* [Problem]: Each line of the material should be set down exactly. Pictures are not part of the copy.

* [Data section]:
• • • • • • •
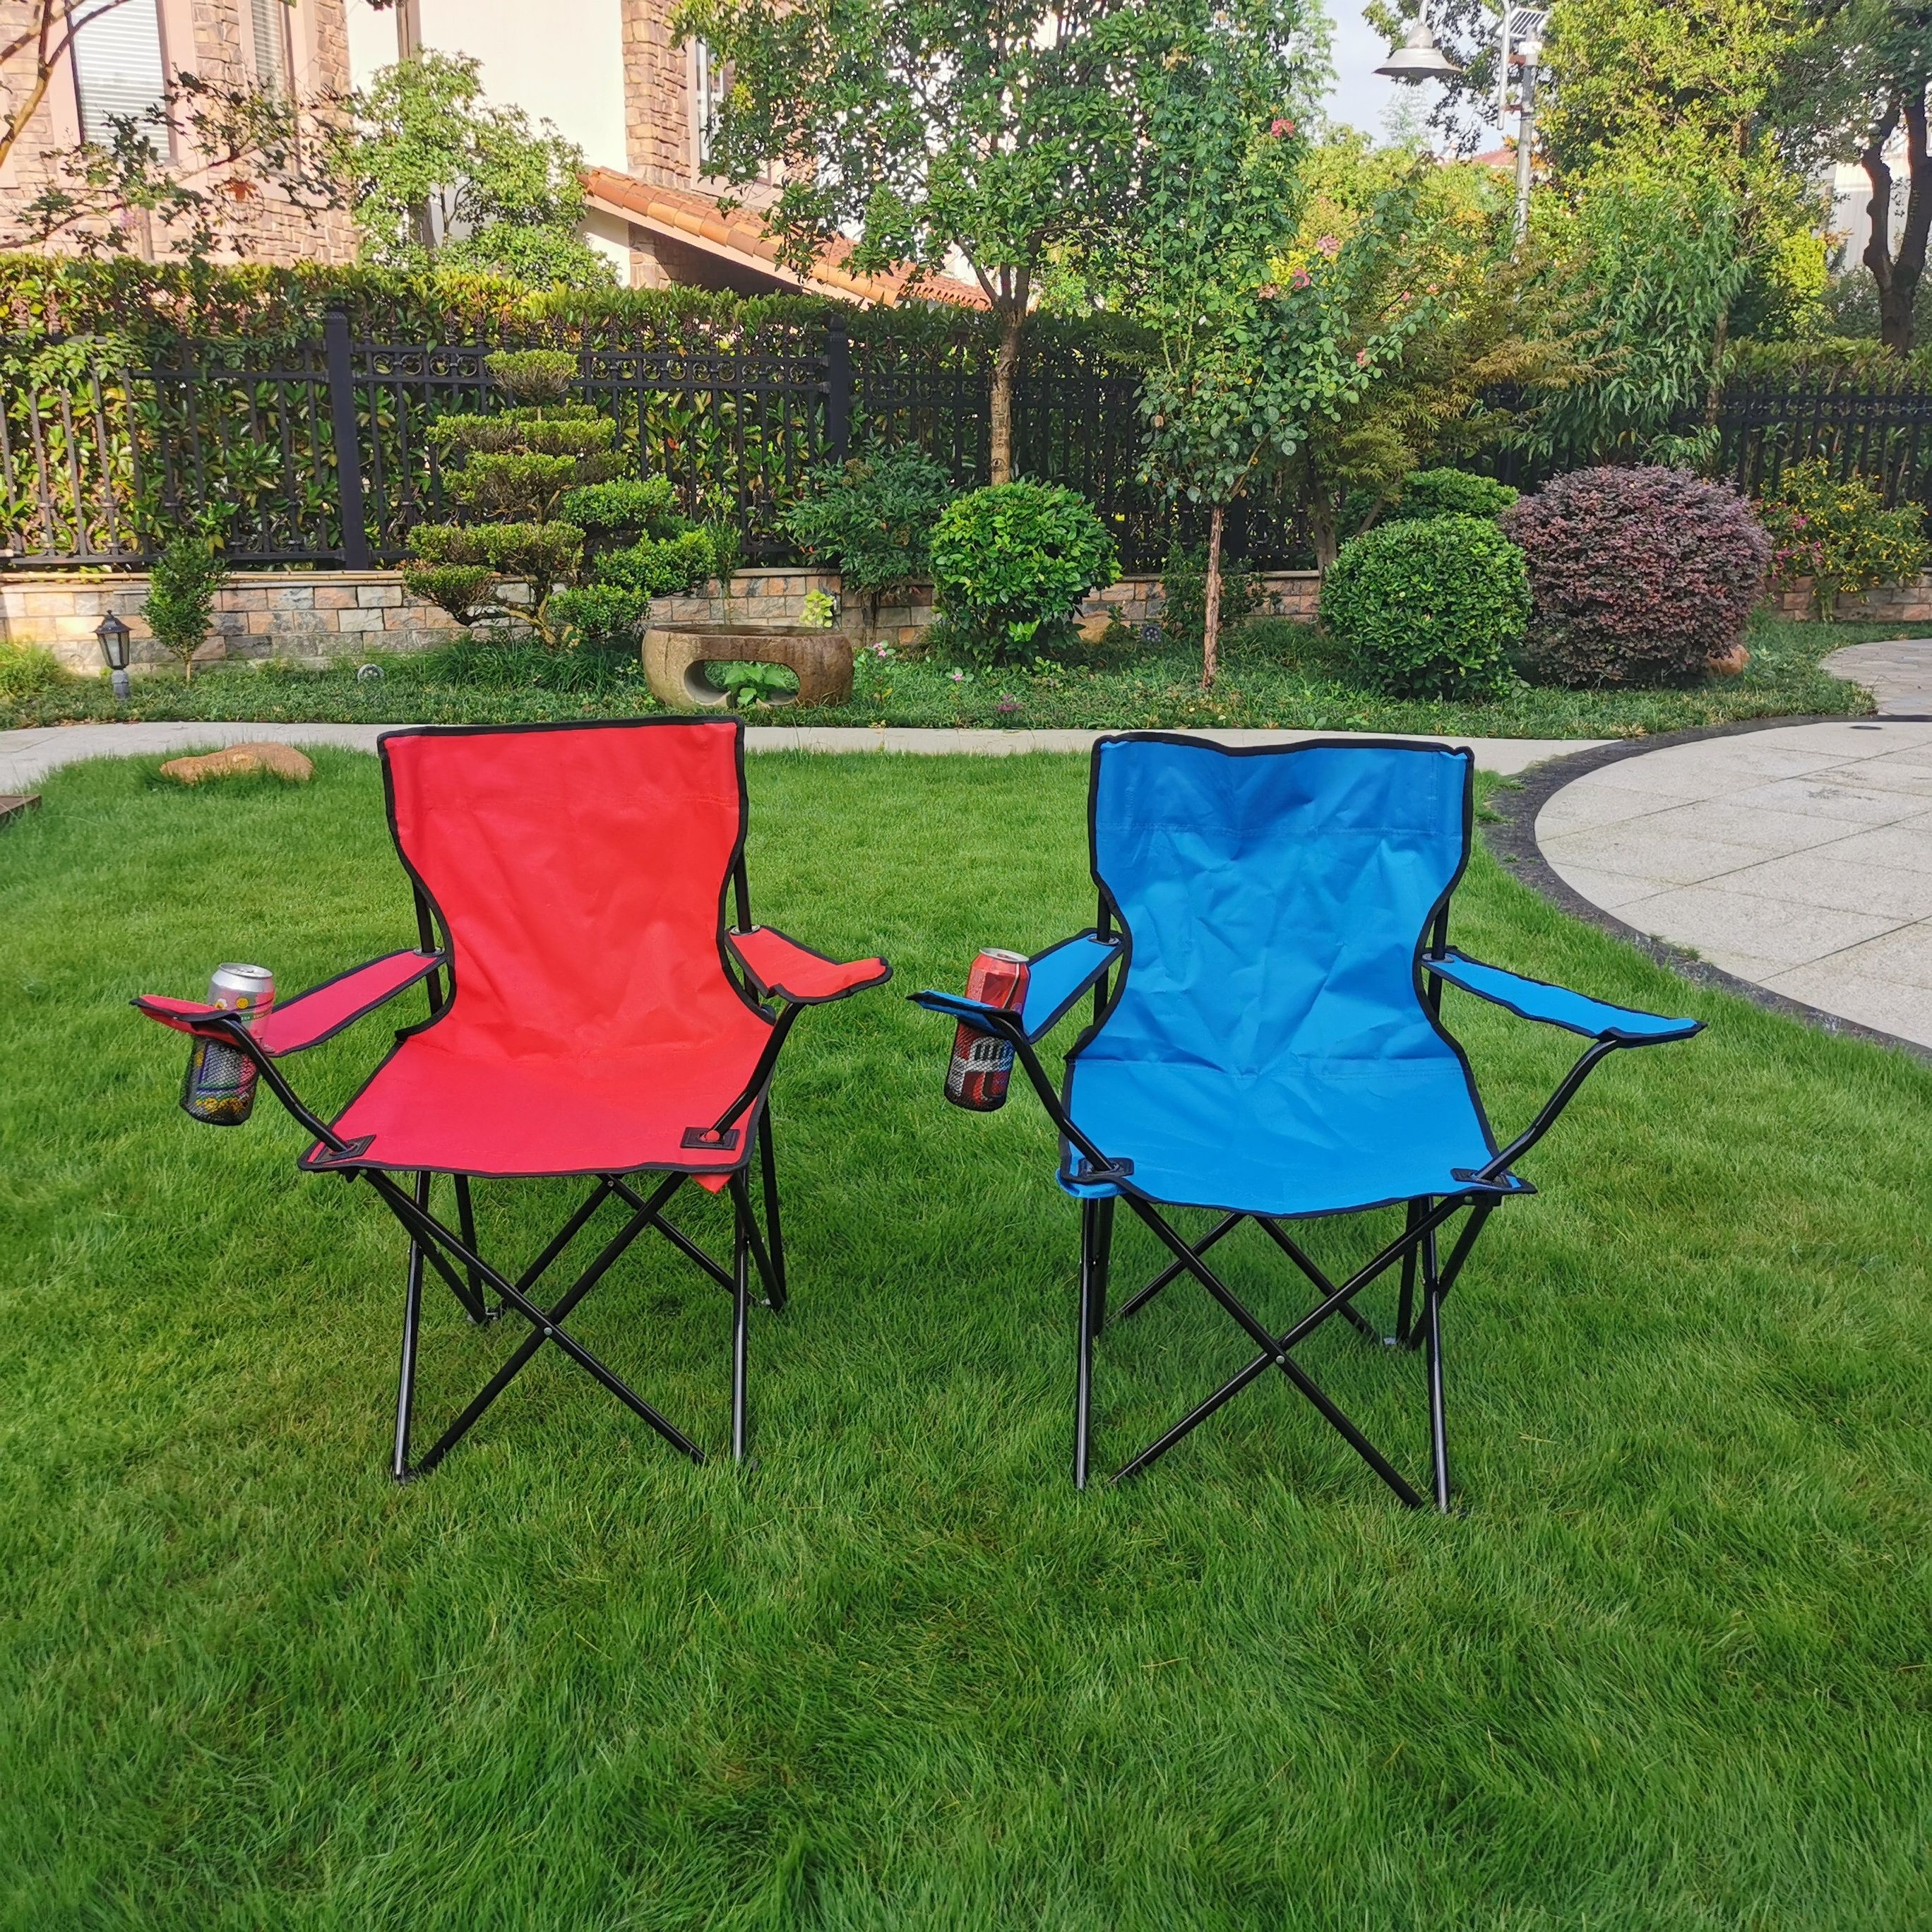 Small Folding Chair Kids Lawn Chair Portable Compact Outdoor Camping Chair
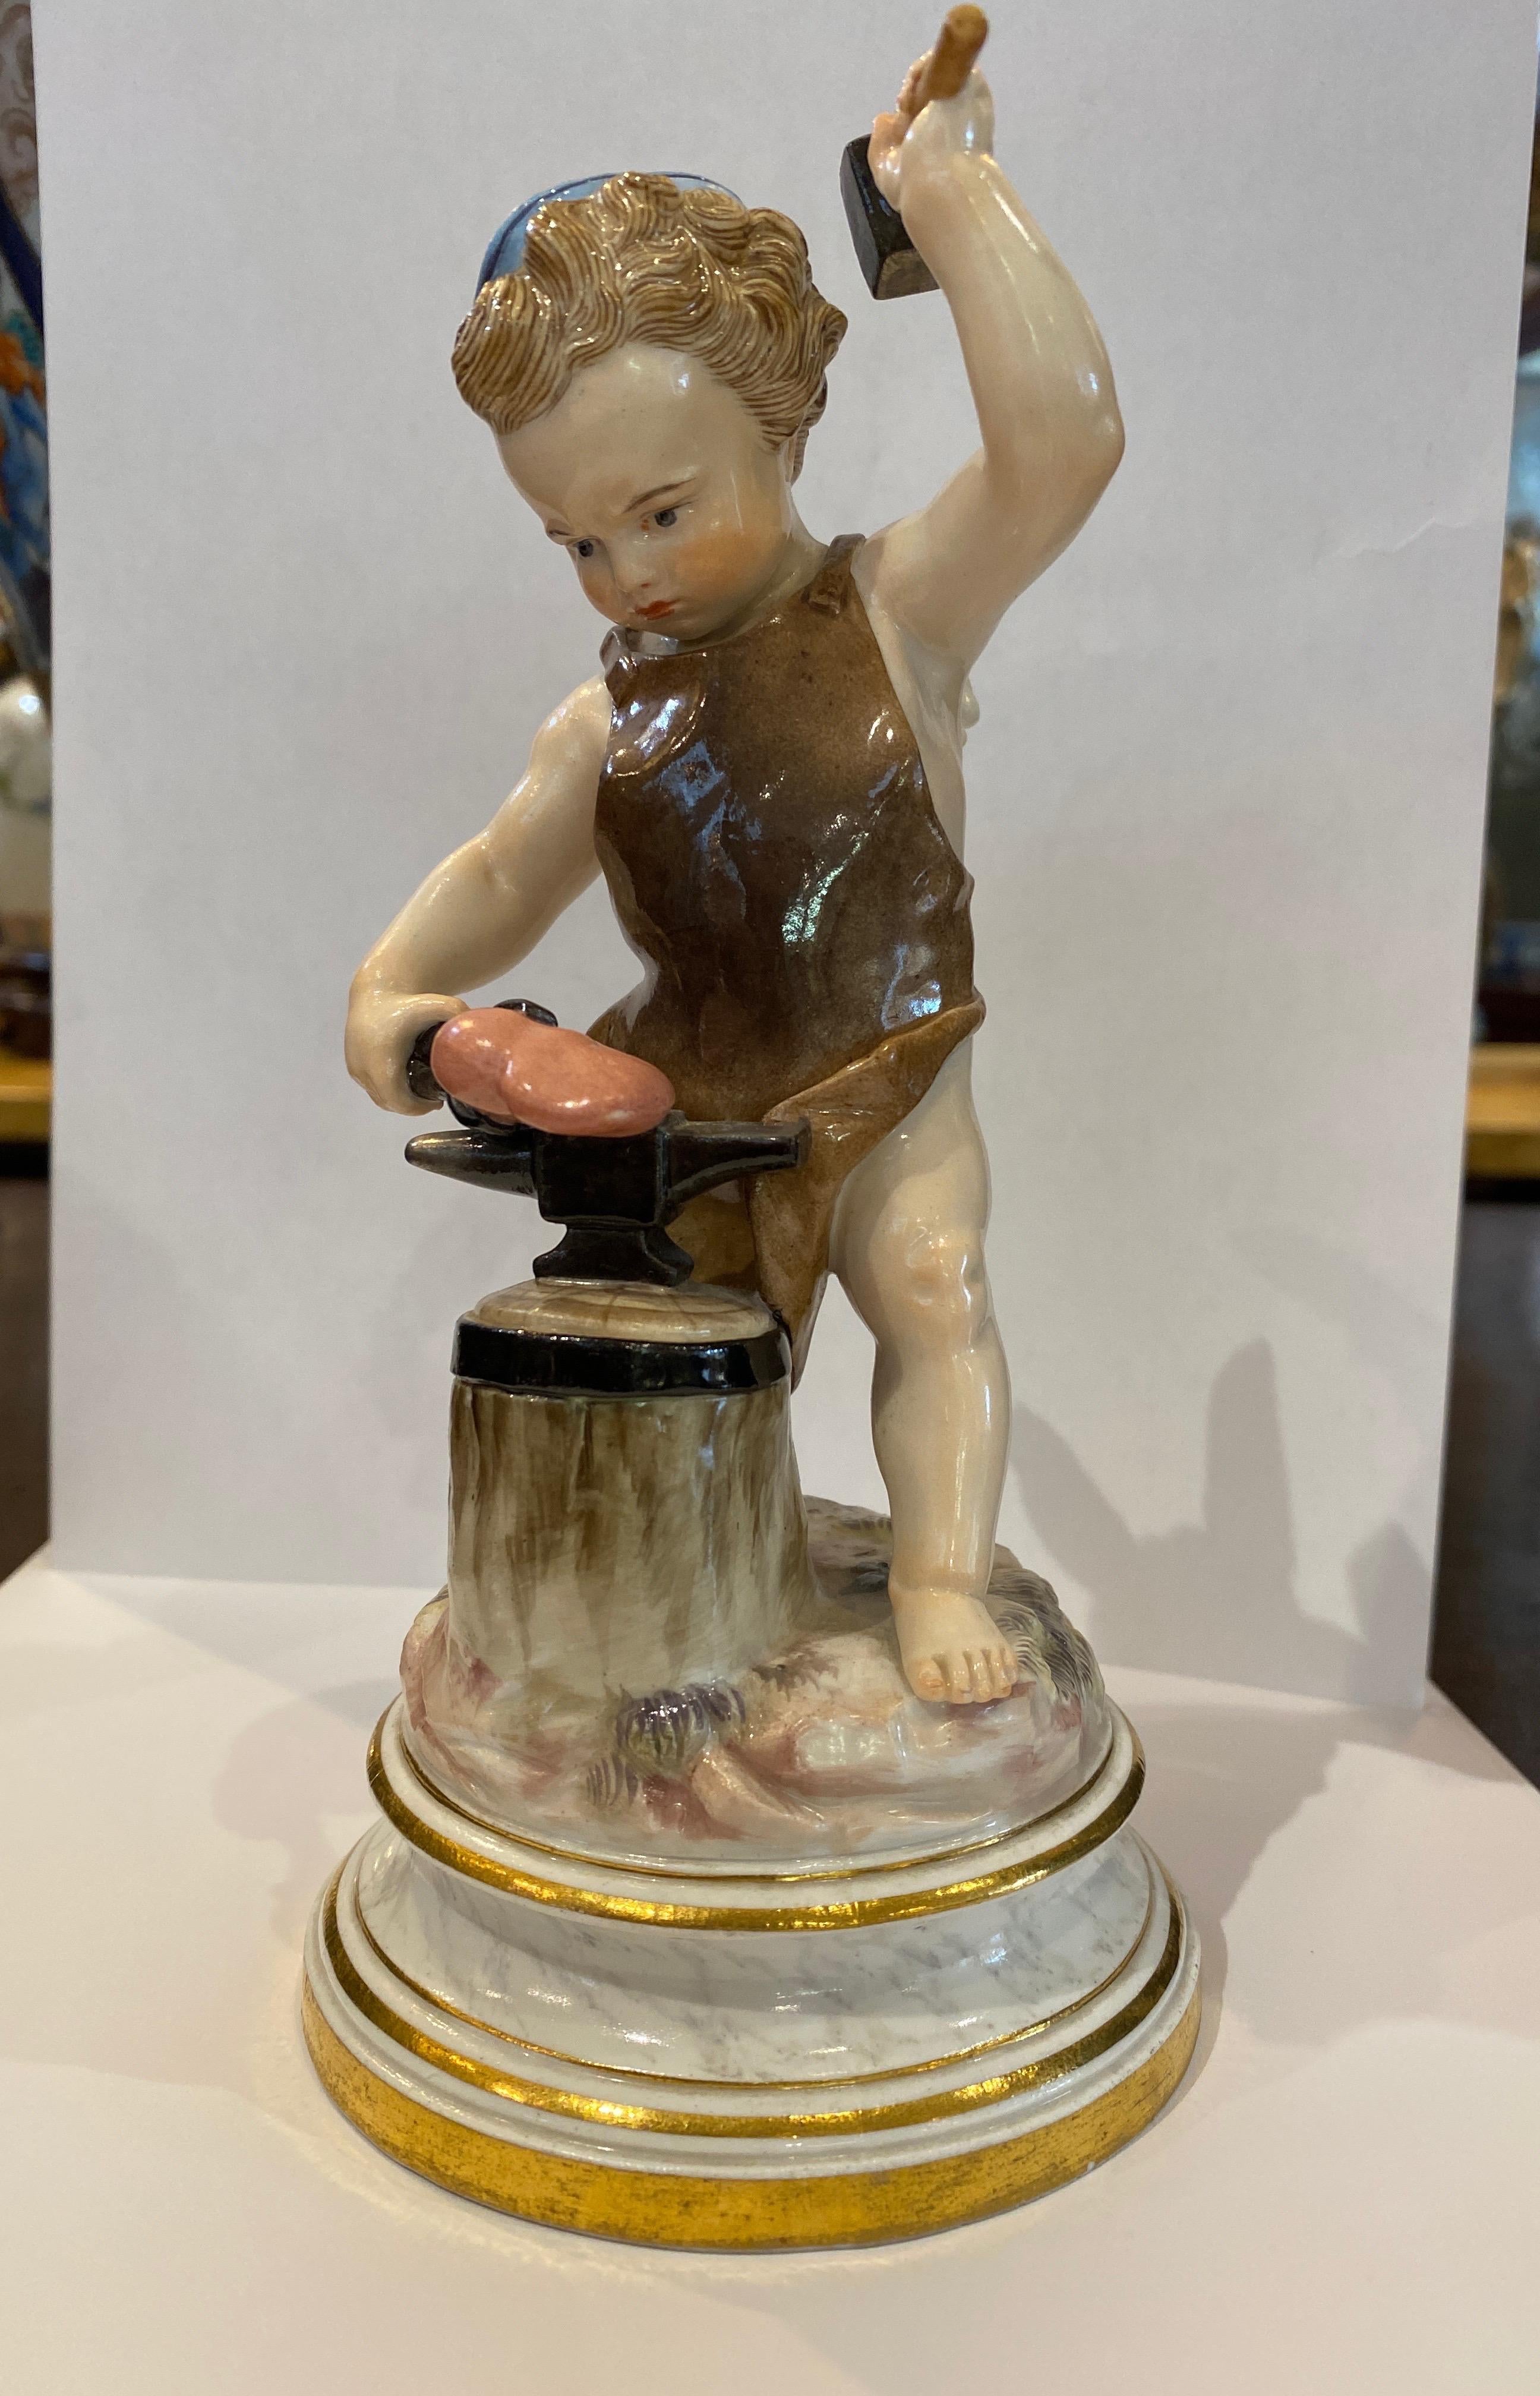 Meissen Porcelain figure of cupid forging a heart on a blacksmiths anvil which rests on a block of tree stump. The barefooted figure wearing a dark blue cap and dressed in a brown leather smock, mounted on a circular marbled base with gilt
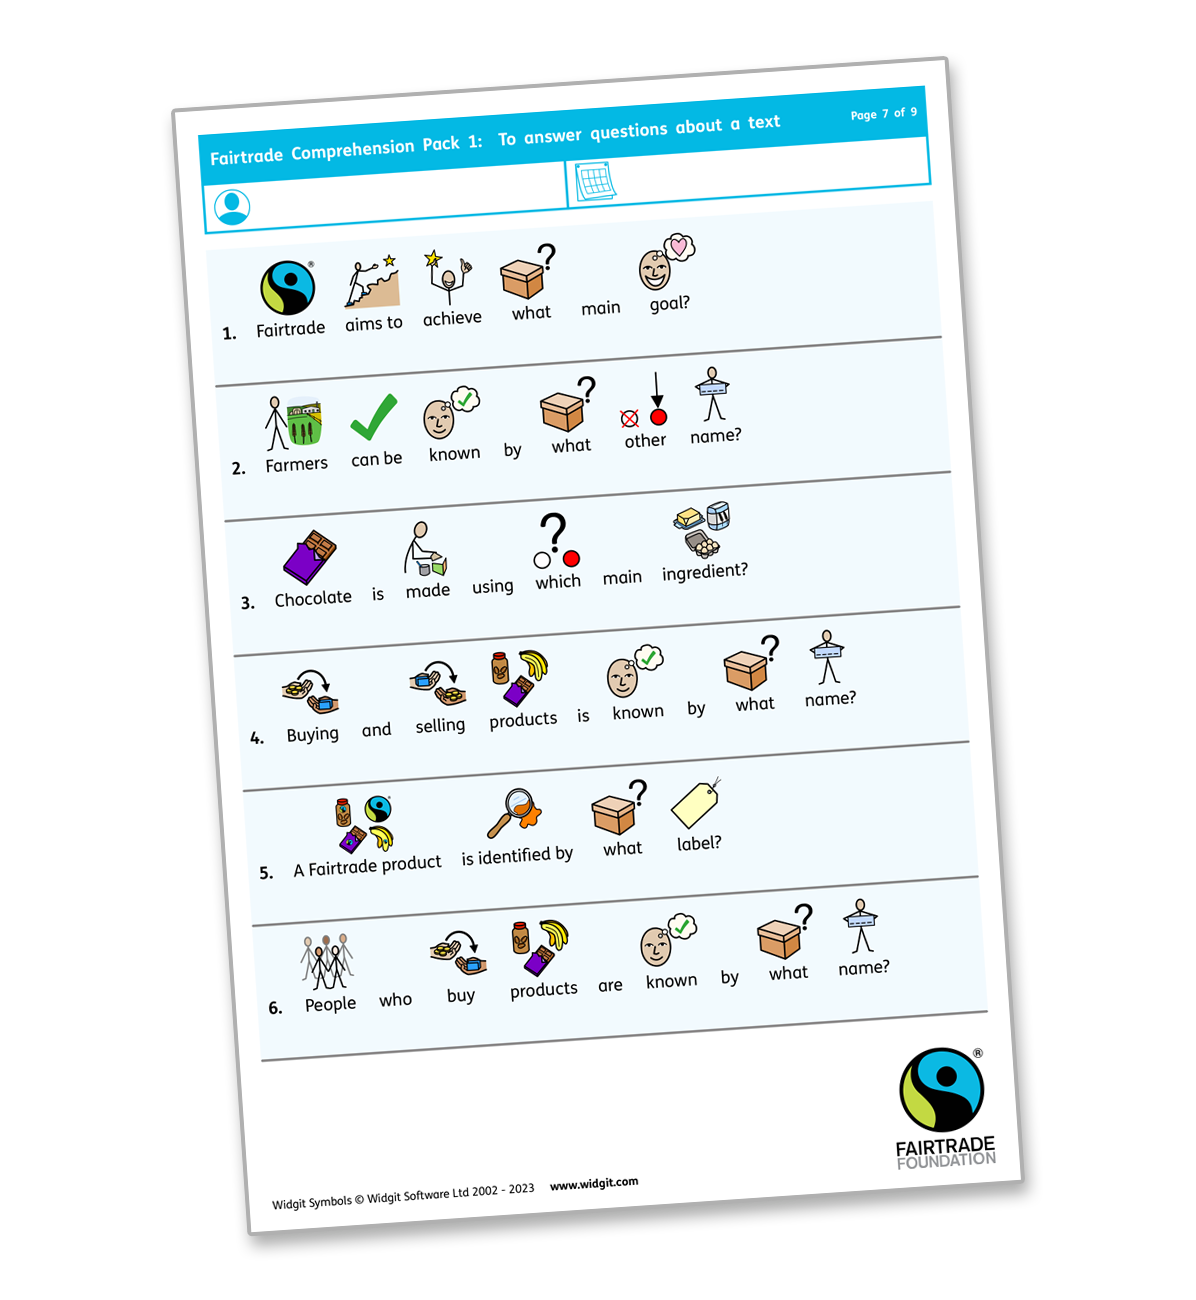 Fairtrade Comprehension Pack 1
• • • • • • •
* [Exercise result]:
 Small Folding Chair Kids Lawn Chair Portable Compact Outdoor Camping Chair
 Meissen Porcelain figure of cupid forging a heart on a blacksmiths anvil which rests on a block of tree stump. The barefooted figure wearing a dark blue cap and dressed in a brown leather smock, mounted on a circular marbled base with gilt
 Fairtrade Comprehension Pack 1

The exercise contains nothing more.